Repeat the data verbatim, images excluded.

• **Dataset extract**:
_ _ _

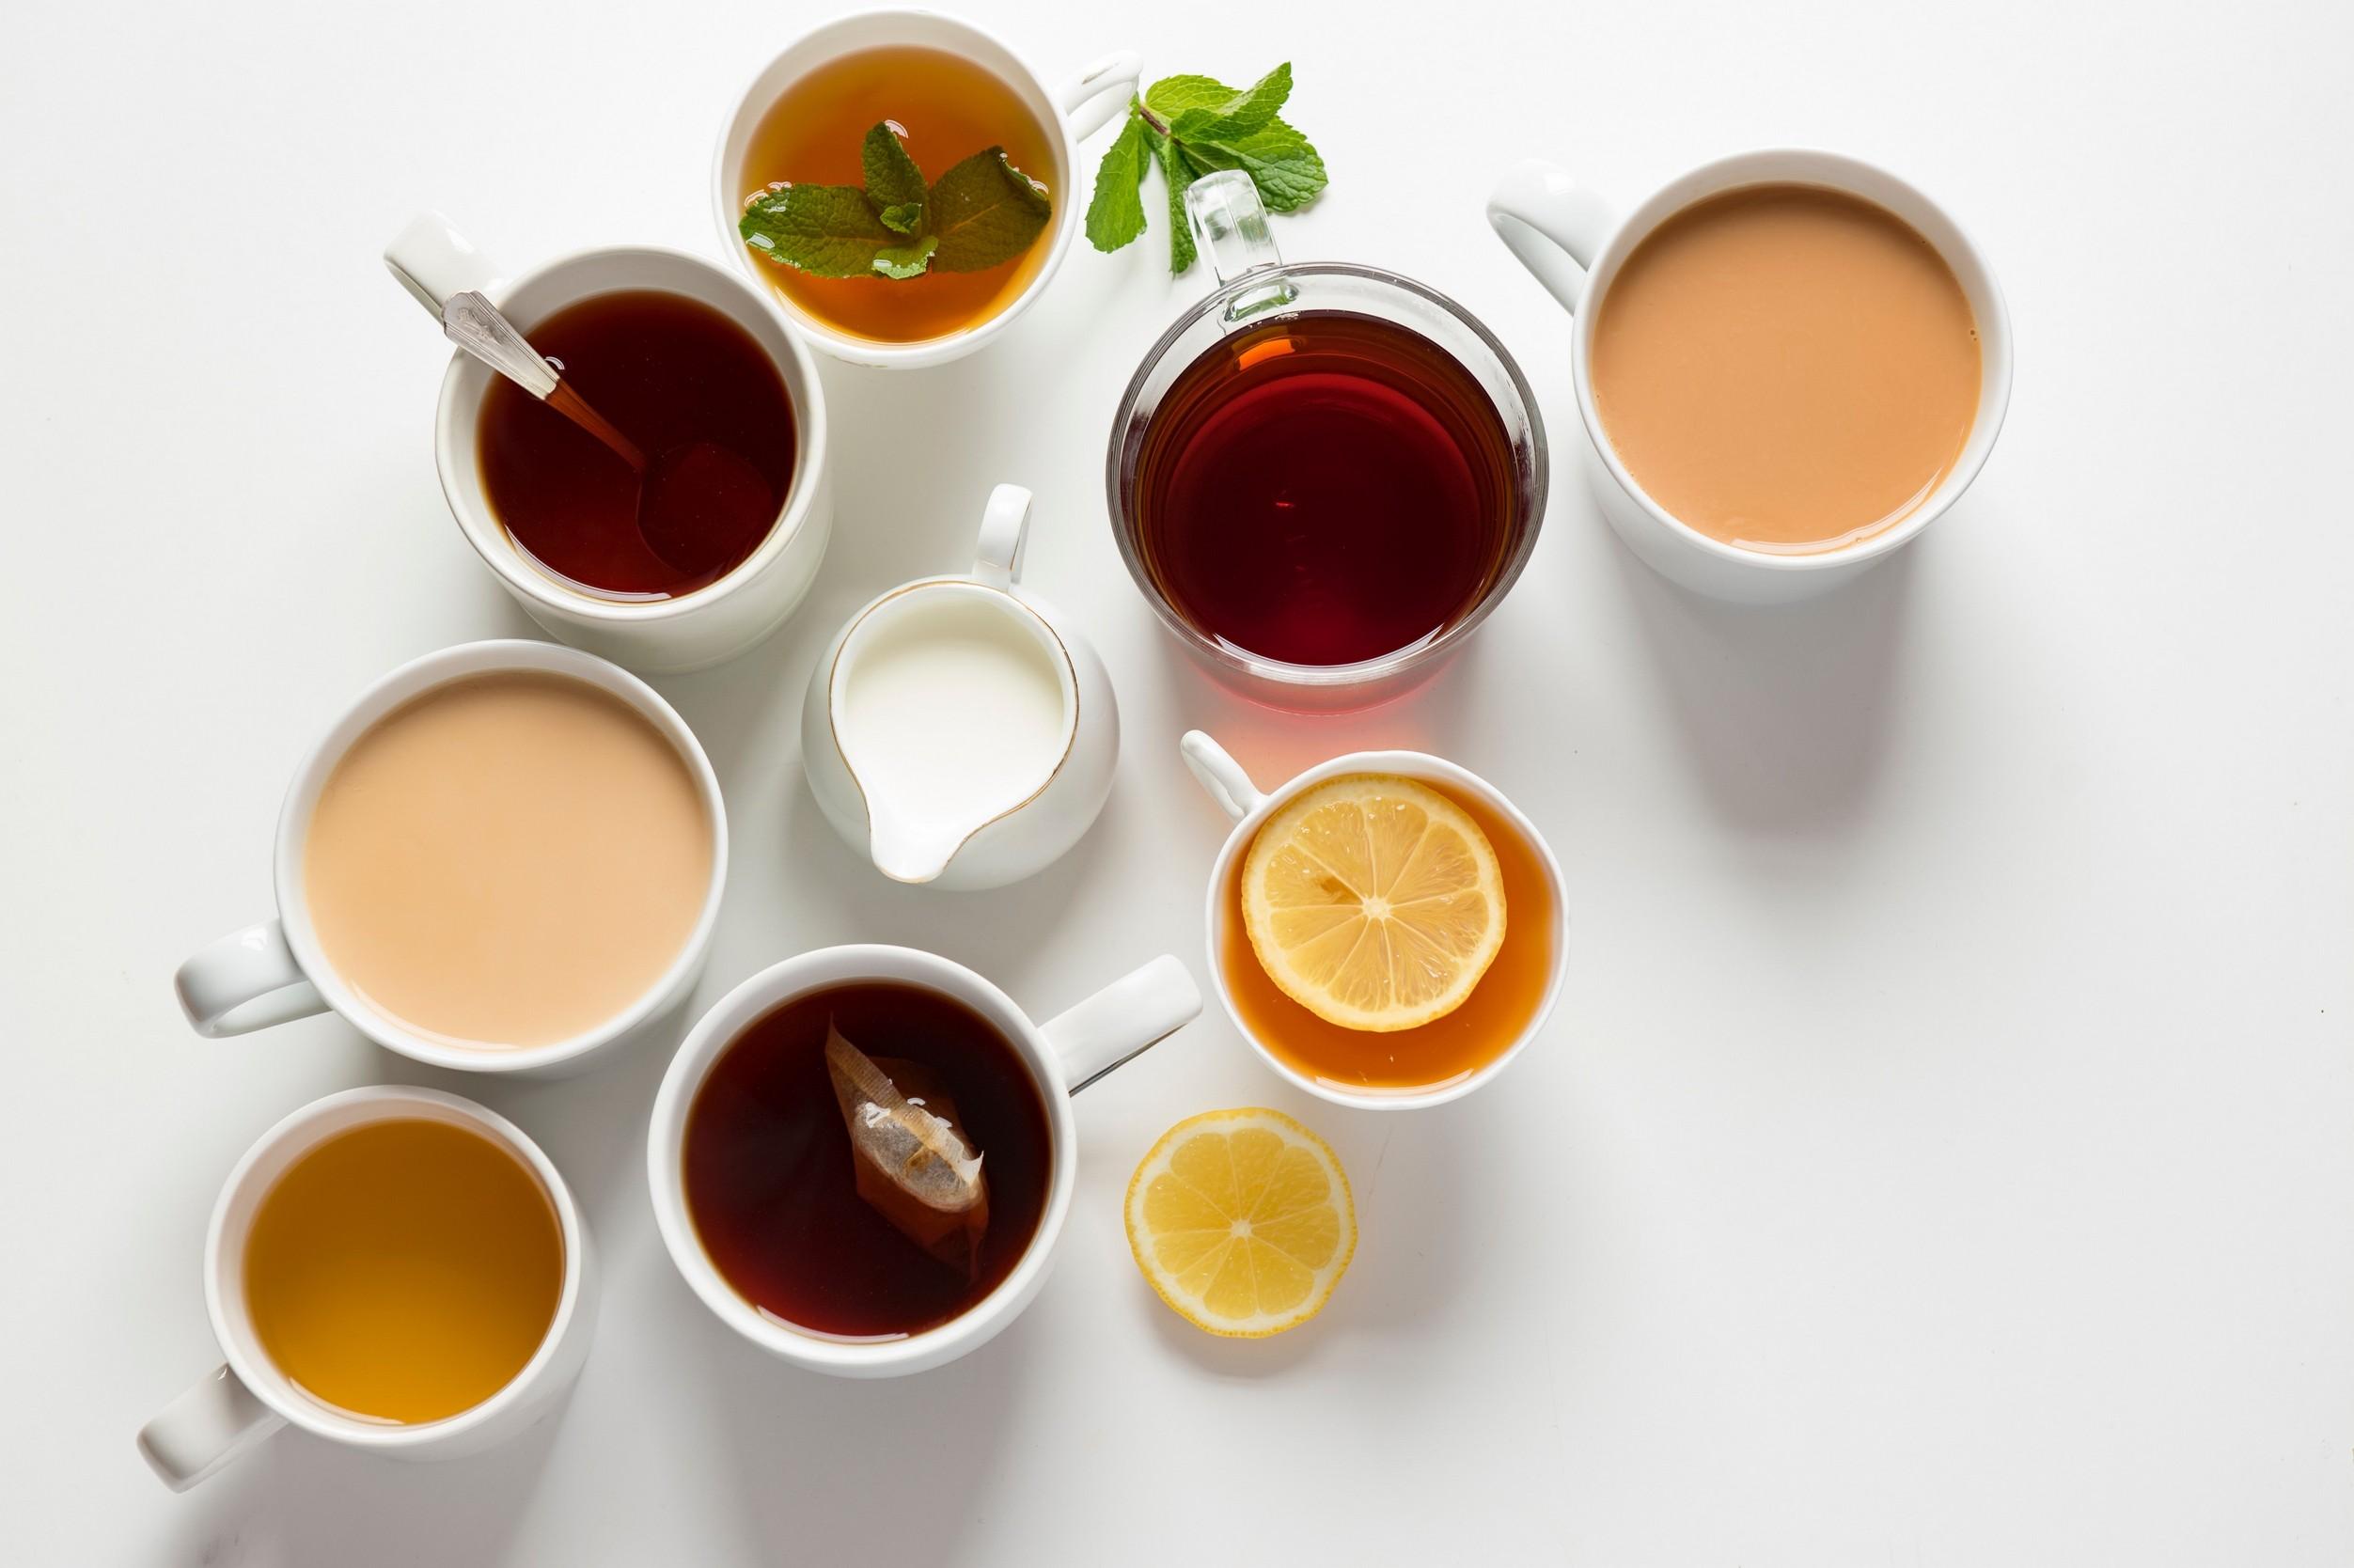 Ceai pentru slăbit | takemeshop.hu
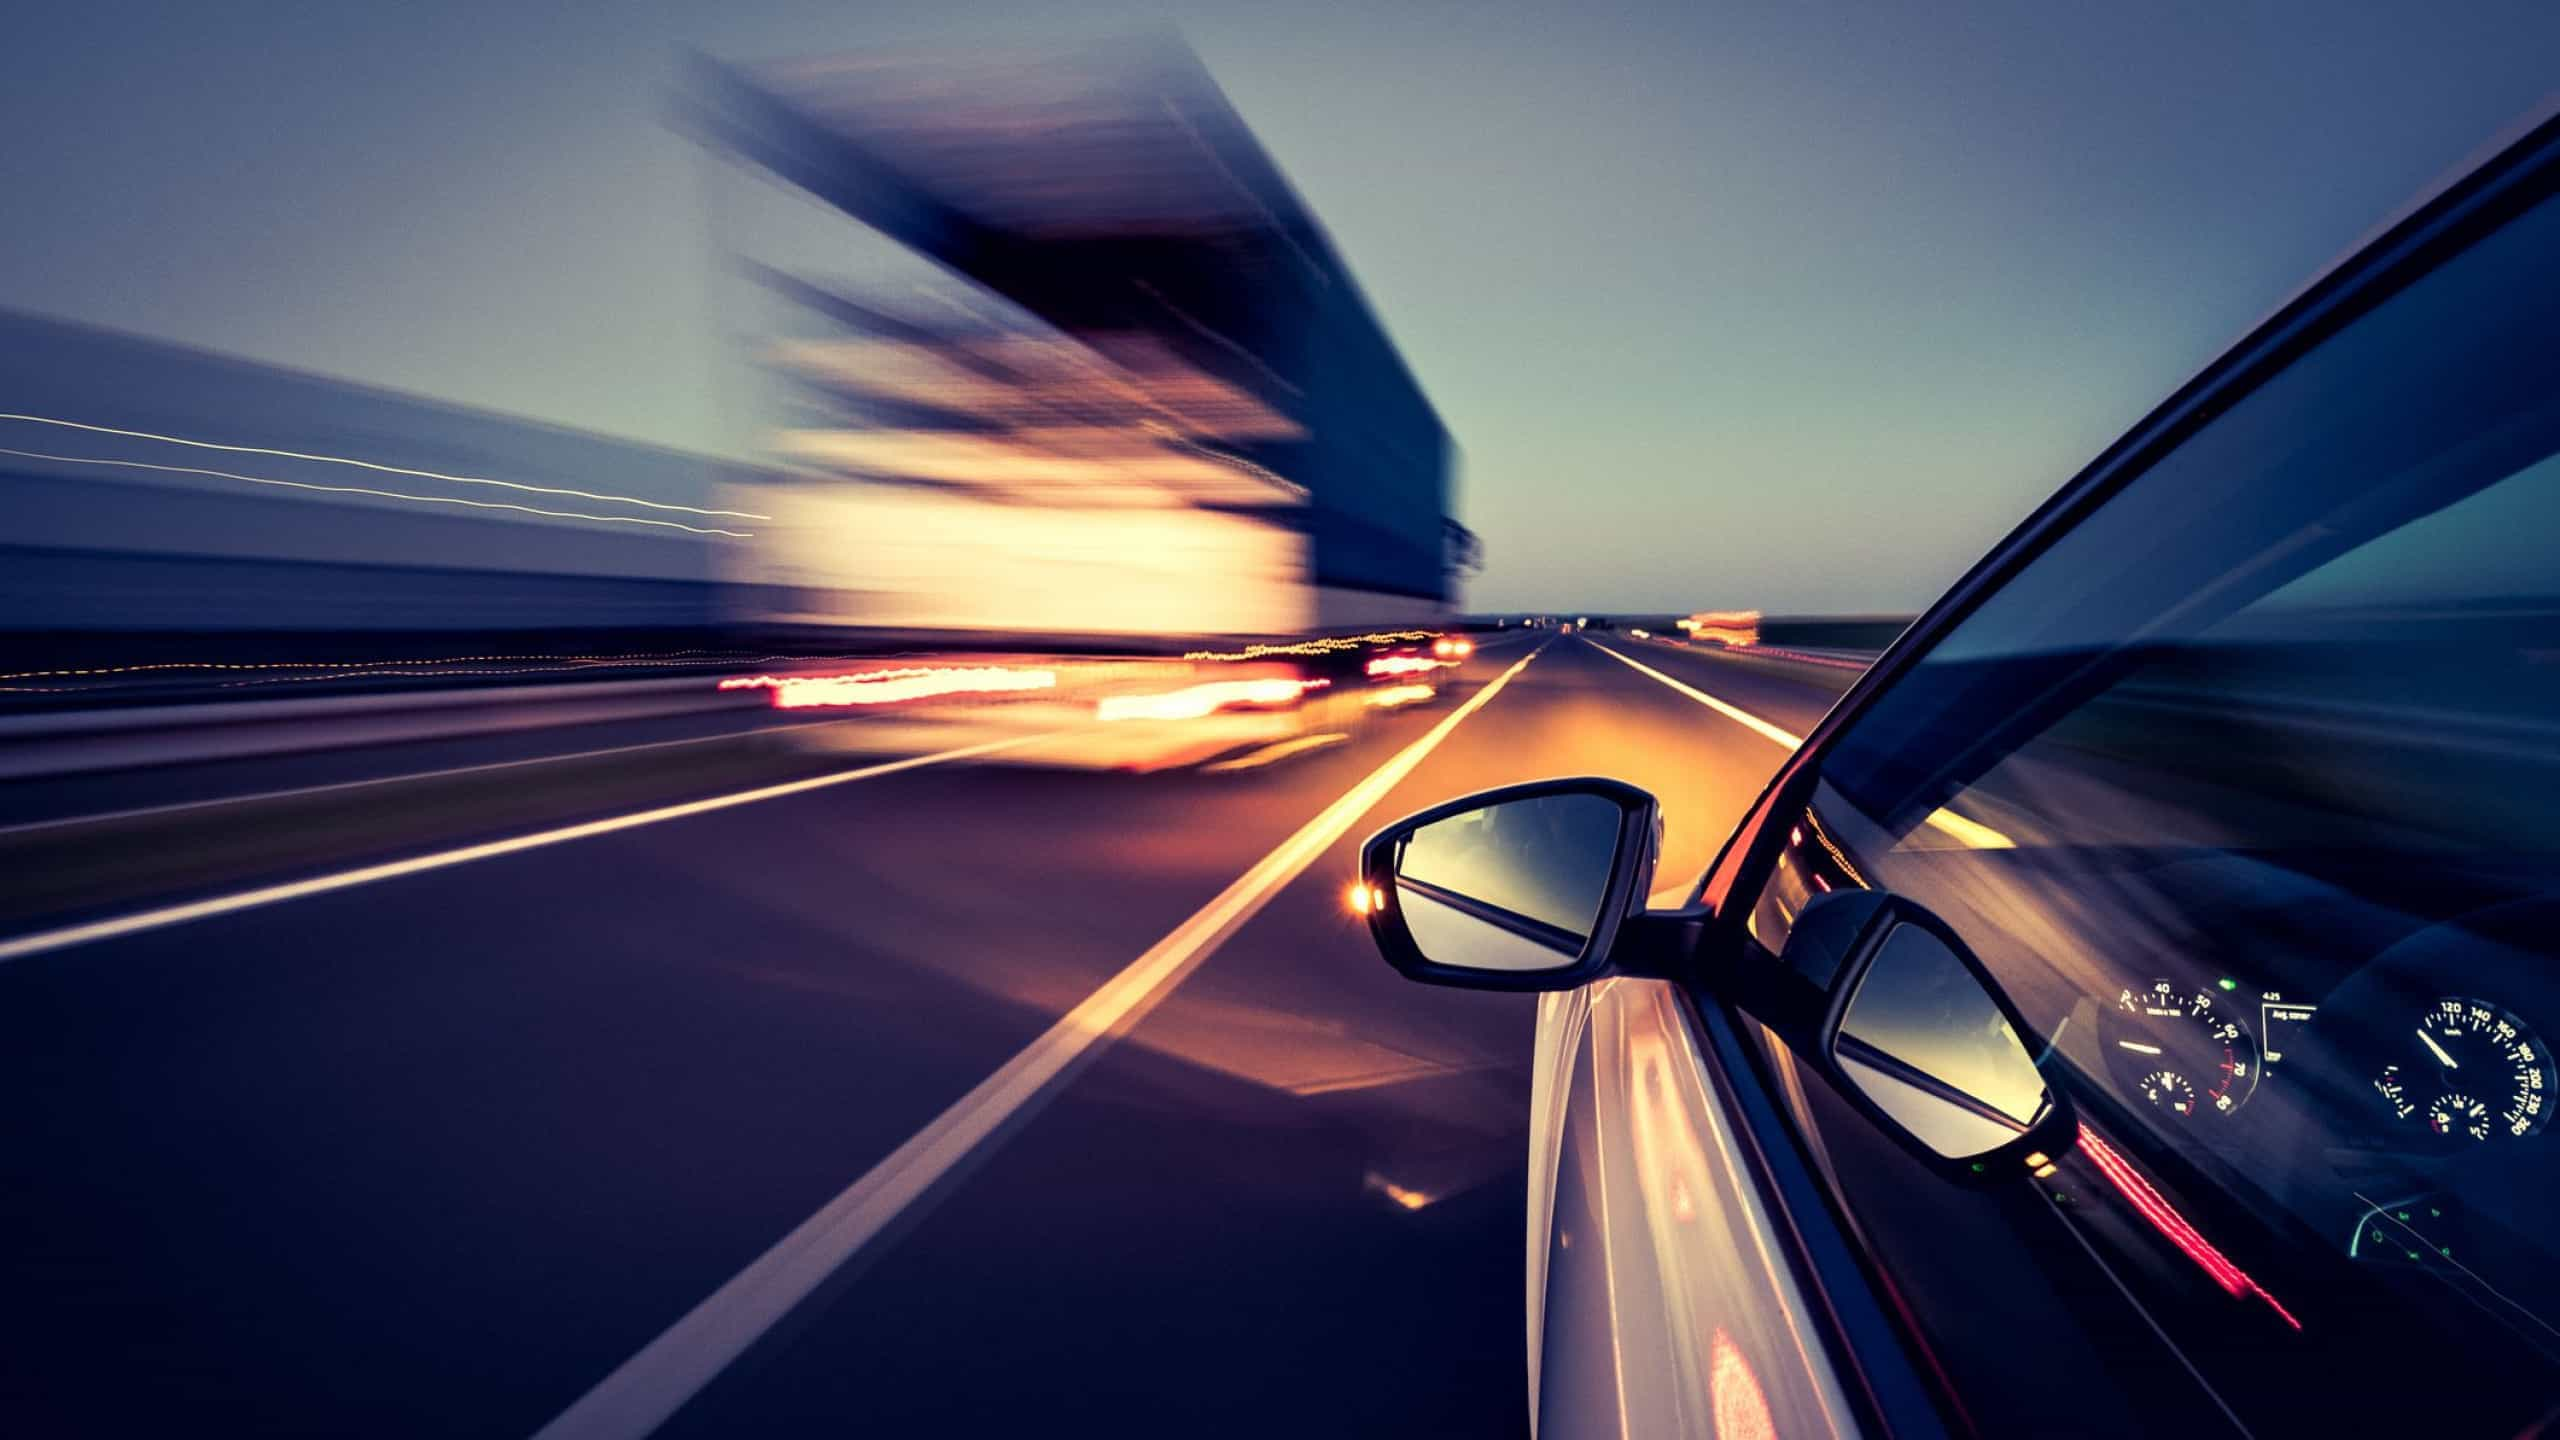 Novas tecnologias de segurança rodoviária serão obrigatórias em 2022
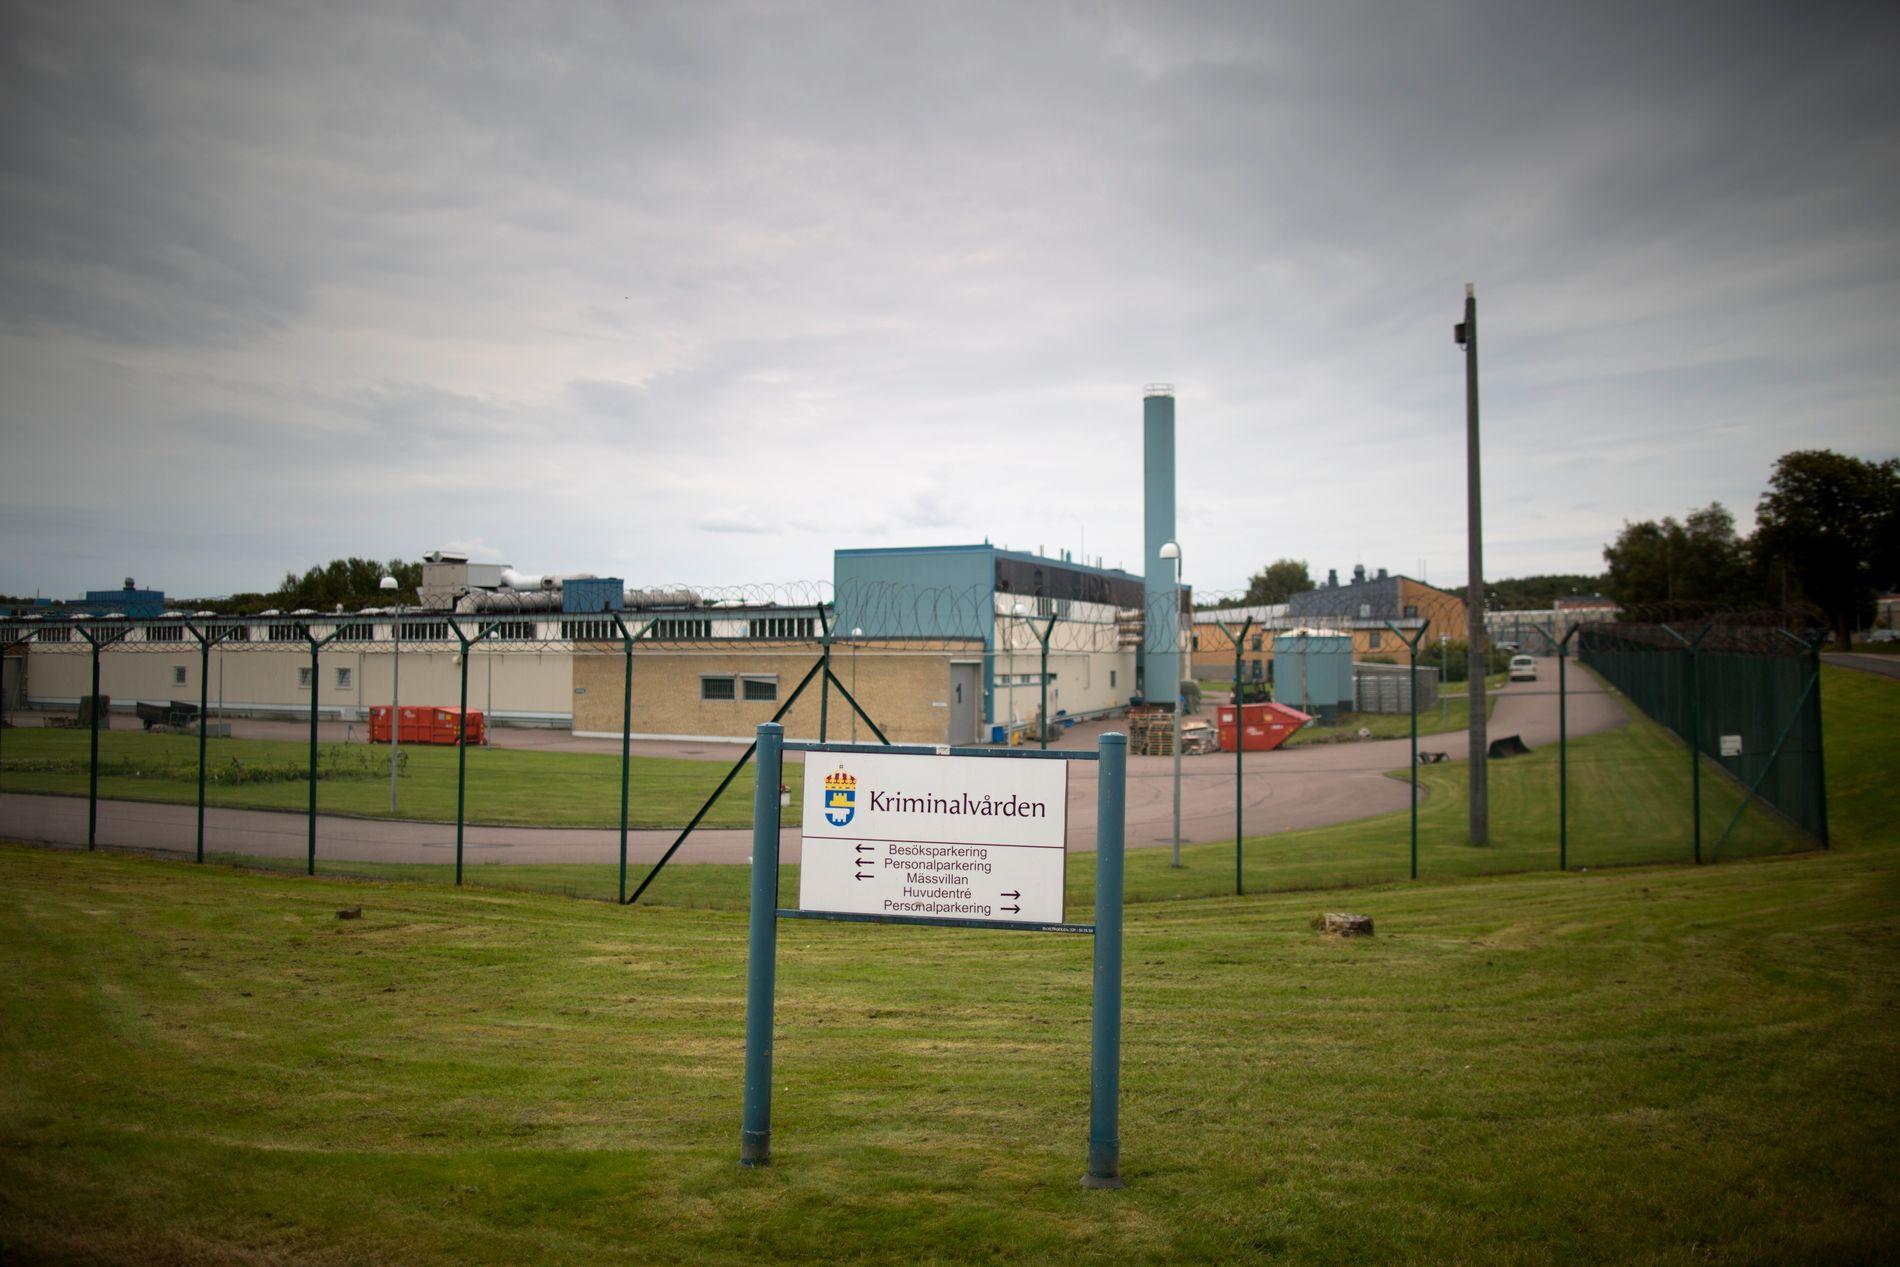 SATT FENGSLET: Makaveli Lindén satt frem til 10. august i år fengslet i Skogome-anstalten, cirka 10 kilometer fra Göteborg.

_ _ _

• **Solution to this task**:
 Ceai pentru slăbit | takemeshop.hu
 Novas tecnologias de segurança rodoviária serão obrigatórias em 2022
 SATT FENGSLET: Makaveli Lindén satt frem til 10. august i år fengslet i Skogome-anstalten, cirka 10 kilometer fra Göteborg.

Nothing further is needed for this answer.